O Drama Social. O conflito inerente ao
drama, a disputa que permite ao espectador tomar partido e se interessar pela
representação no palco, encontrou um tema novo no século XIX: o poder
econômico, rico e opressor, contra o qual o indivíduo pobre luta em vão, sem
oportunidades, explorado pela classe economicamente dominadora, e que está
condenado eternamente à sua miséria. Hamilton, acima citado, explica que o Drama
Social surgiu como uma nova linha da tragédia em que as forças do destino se
materializavam como forças das convenções sociais sobre a pessoa. O herói grego
luta com o sobre-humano, o herói do drama elisabetano luta contra si mesmo, e o
herói do Drama Social luta contra o mundo. Neste tipo de tragédia, o indivíduo
é mostrado em conflito com o seu ambiente, e o drama trata da poderosa guerra
entre o personagem e as condições sociais. Assim, enquanto os gregos
religiosamente atribuíam a fonte de todo destino inevitável a uma
predeterminação divina, e o teatro elisabetano a atribuía às franquezas de que
a alma humana é herdeira, o dramaturgo moderno prefere atribuí-la
cientificamente à dissensão entre o individuo e seu meio social.
Mas, o sucesso que teria esse tema já anteriormente
muito explorado, não seria devido apenas à simpatia e piedade das platéias para
com os desvalidos, mas porque havia uma solução para o conflito que envolvia
uma outra disputa, ainda mais séria e profunda, e assim fazia o drama duplamente
apelativo e interessante para a platéia. É que, desde o final da Revolução
Francesa (o período do Terror), se firmara uma corrente de pensamento adepta
de Rousseau, segundo a qual somente uma
pequena minoria de luminares e de hábeis e inteligentes políticos poderia por
fim à injustiça social, e que esse fim era o desejo de todos como uma “vontade
geral” dos homens. Essa “vontade geral” encarnada nessa minoria, era mais
importante que a “vontade da maioria” democrática. Em oposição a essa corrente,
os constitucionalistas acreditavam na democracia e no mercado livre,
valorizando a consciência do indivíduo como capaz de fazer voluntariamente sua
parte pelo bem social. A primeira considerava a sociedade suprema, e o
individuo subserviente; cada homem era suposto existir em benefício do
mecanismo social do qual ele era uma peça. A segunda considerava o indivíduo
como capaz de construir uma sociedade justa e democrática a partir do esforço
pessoal de todos.

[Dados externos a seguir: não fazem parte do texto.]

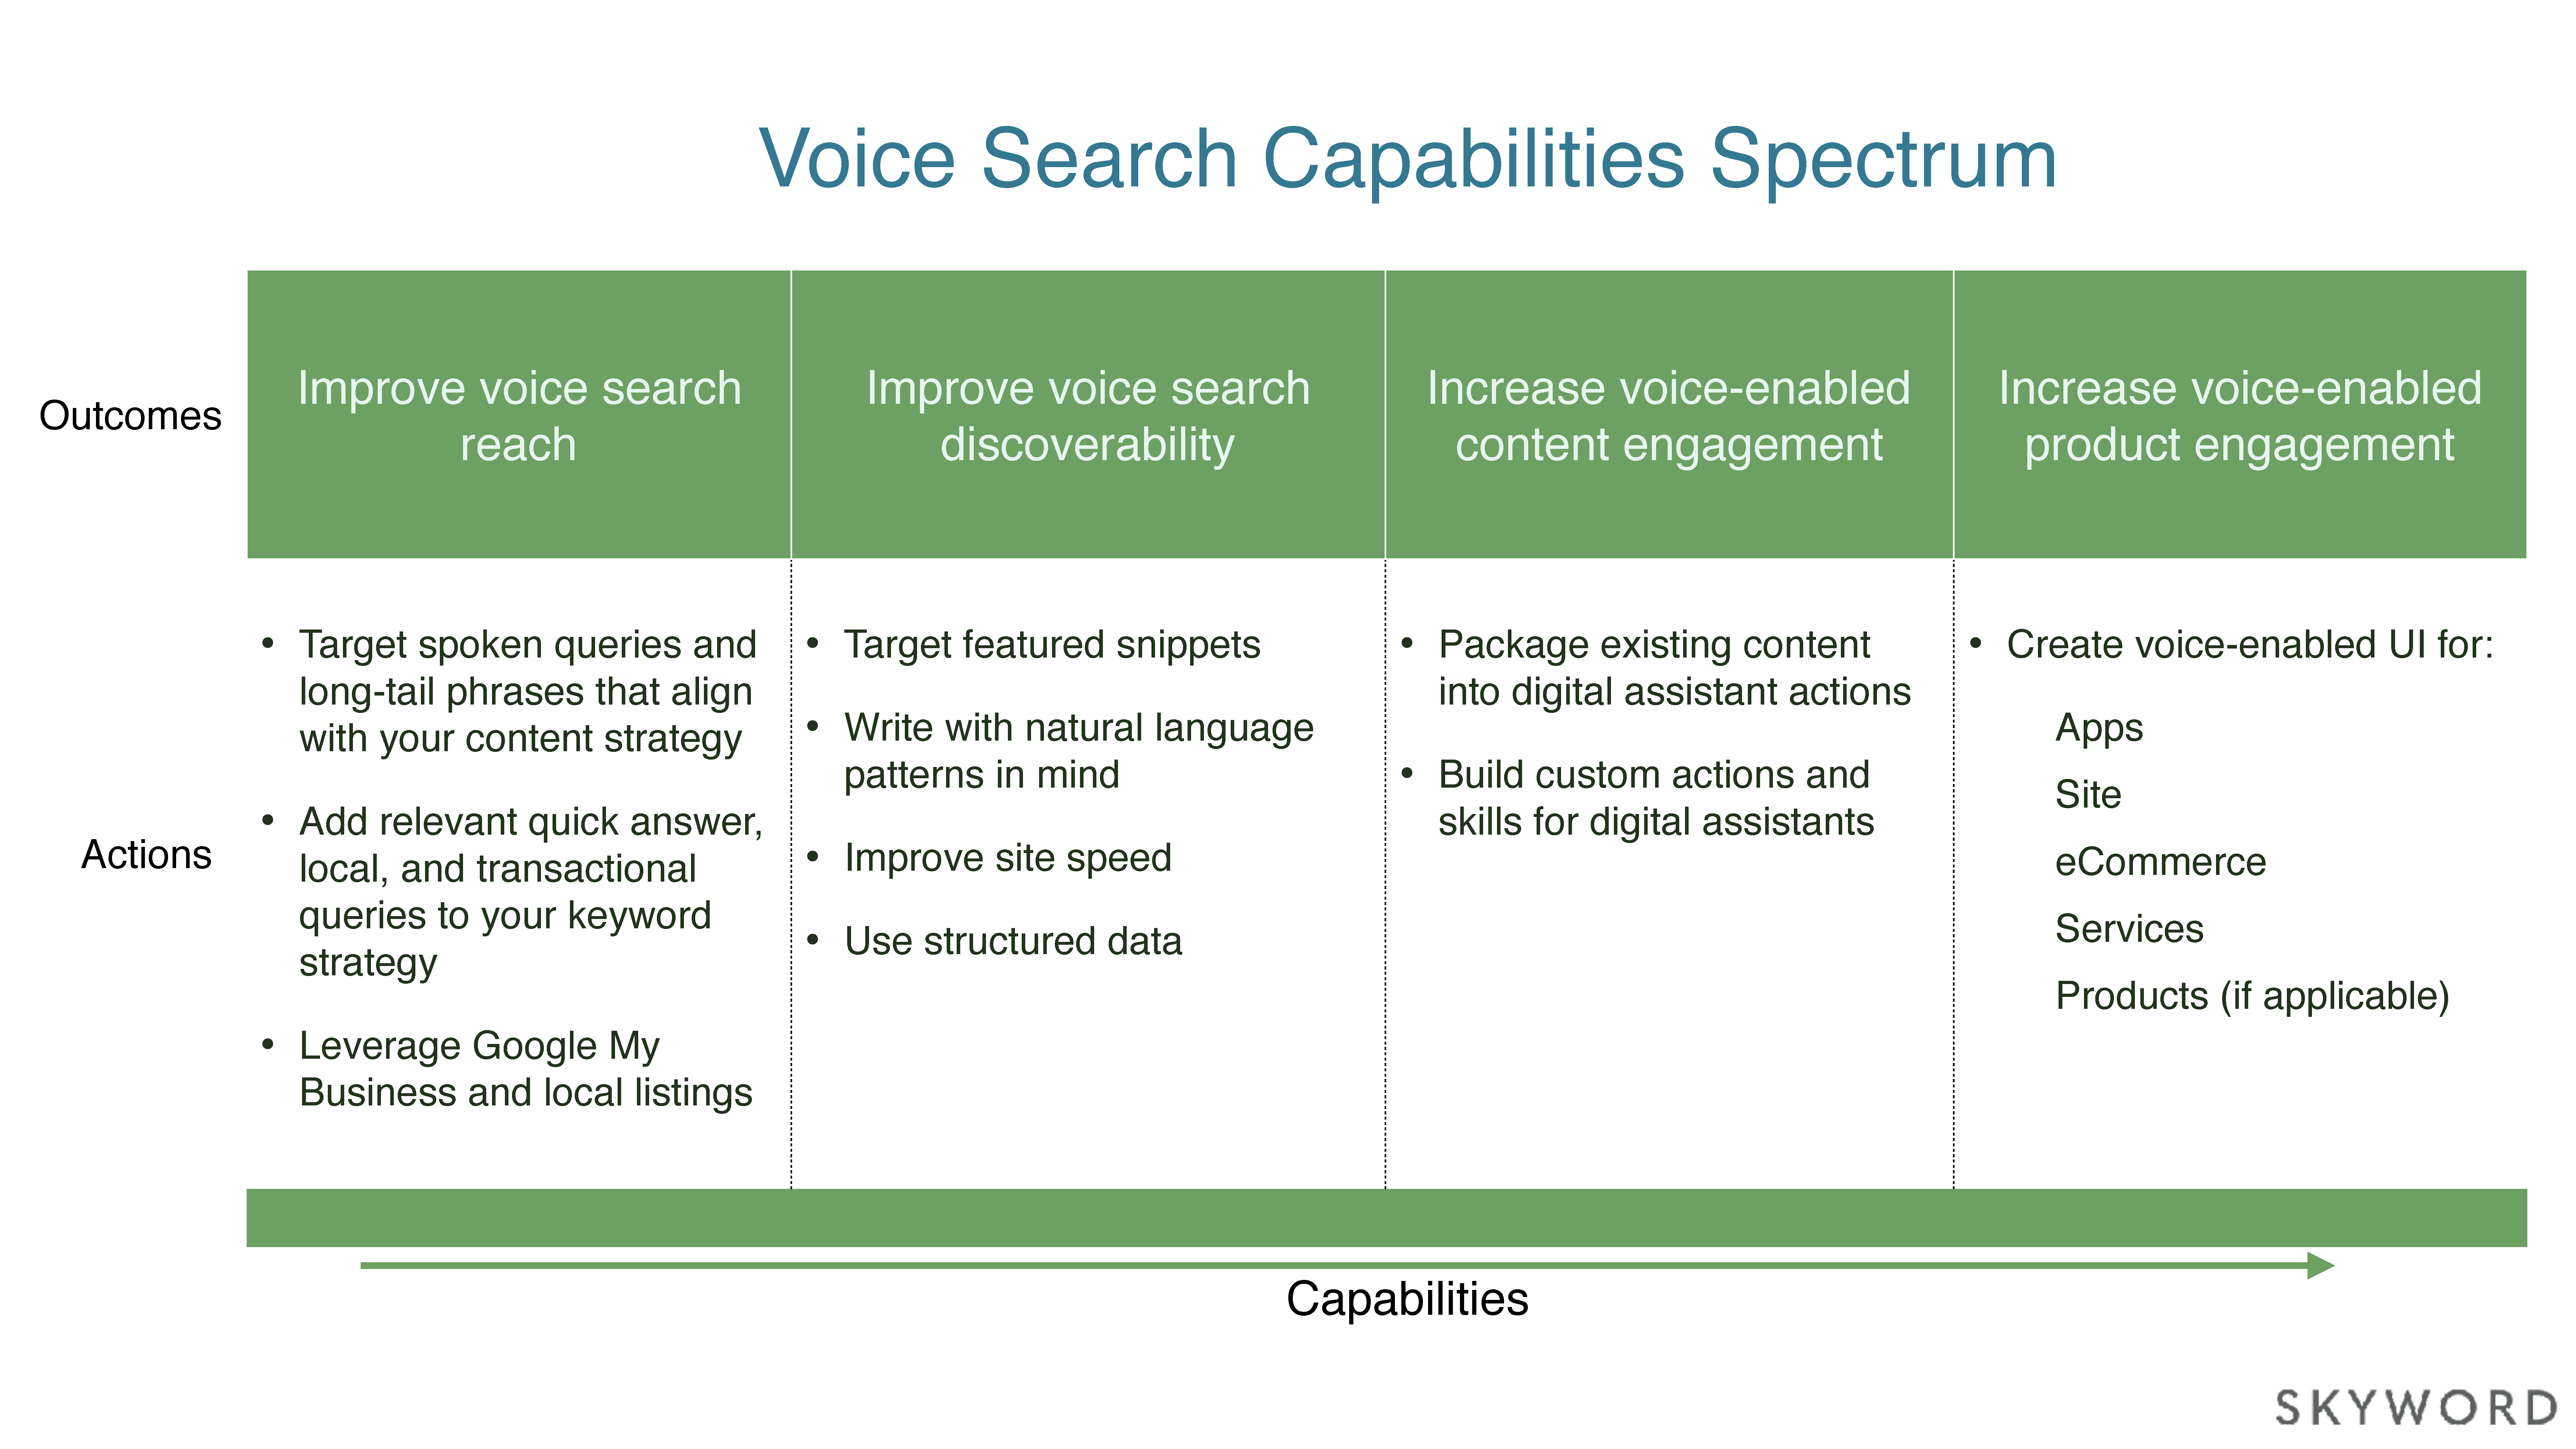 Skyword Voice Search Capabilities Spectrum

O Drama social está baseado simultaneamente no conflito entre
o indivíduo e a sociedade, e esta dividida na luta entre aquelas duas correntes
de pensamento.
Esse novo filão temático garantiu o êxito não
apenas na dramaturgia. Serviu também com imenso sucesso ao cinema, à literatura
popular, ao discurso político, e inclusive a novas correntes religiosas, num
tal paroxismo de fé que dos filmes, dos livros e da dramaturgia saltou para as
paradas, passeatas, revoluções e praticamente toda forma de agitação do início
do século XIX até o seu ocaso, no fim do século XX. Com a progressiva
diminuição do interesse pelo Drama da injustiça social colocado nessas bases, a
literatura e a dramaturgia buscaram o enfoque de outras formas de opressão
social igualmente poderosas e trágicas, como o racismo, o preconceito contra
minorias, o tabu do sexo, a hipocrisia social, e outros..
Melodrama. Diferentemente da Tragédia, o Melodrama expõe
apenas o que pode acontecer, não o inevitável (O trágico expõe aquilo que está
fadado a acontecer). Um homem perder a direção do carro em um dia de chuva e
sofrer um acidente seria melodramático, porque poderia ser evitado . Tudo o que
nós pedimos ao autor do melodrama é uma plausibilidade momentânea.
Providenciado que sua trama não é impossível, não são impostos limites em sua
invenção de um mero incidente.
Comédia. Uma comédia é uma peça humorística na qual os
atores dominam a ação. A comédia pura é o mais raro de todos os tipos de drama.
Na comédia a ação precisa não somente ser possível e plausível, mas precisa ser
um resultado necessário da natureza ingênua do personagem.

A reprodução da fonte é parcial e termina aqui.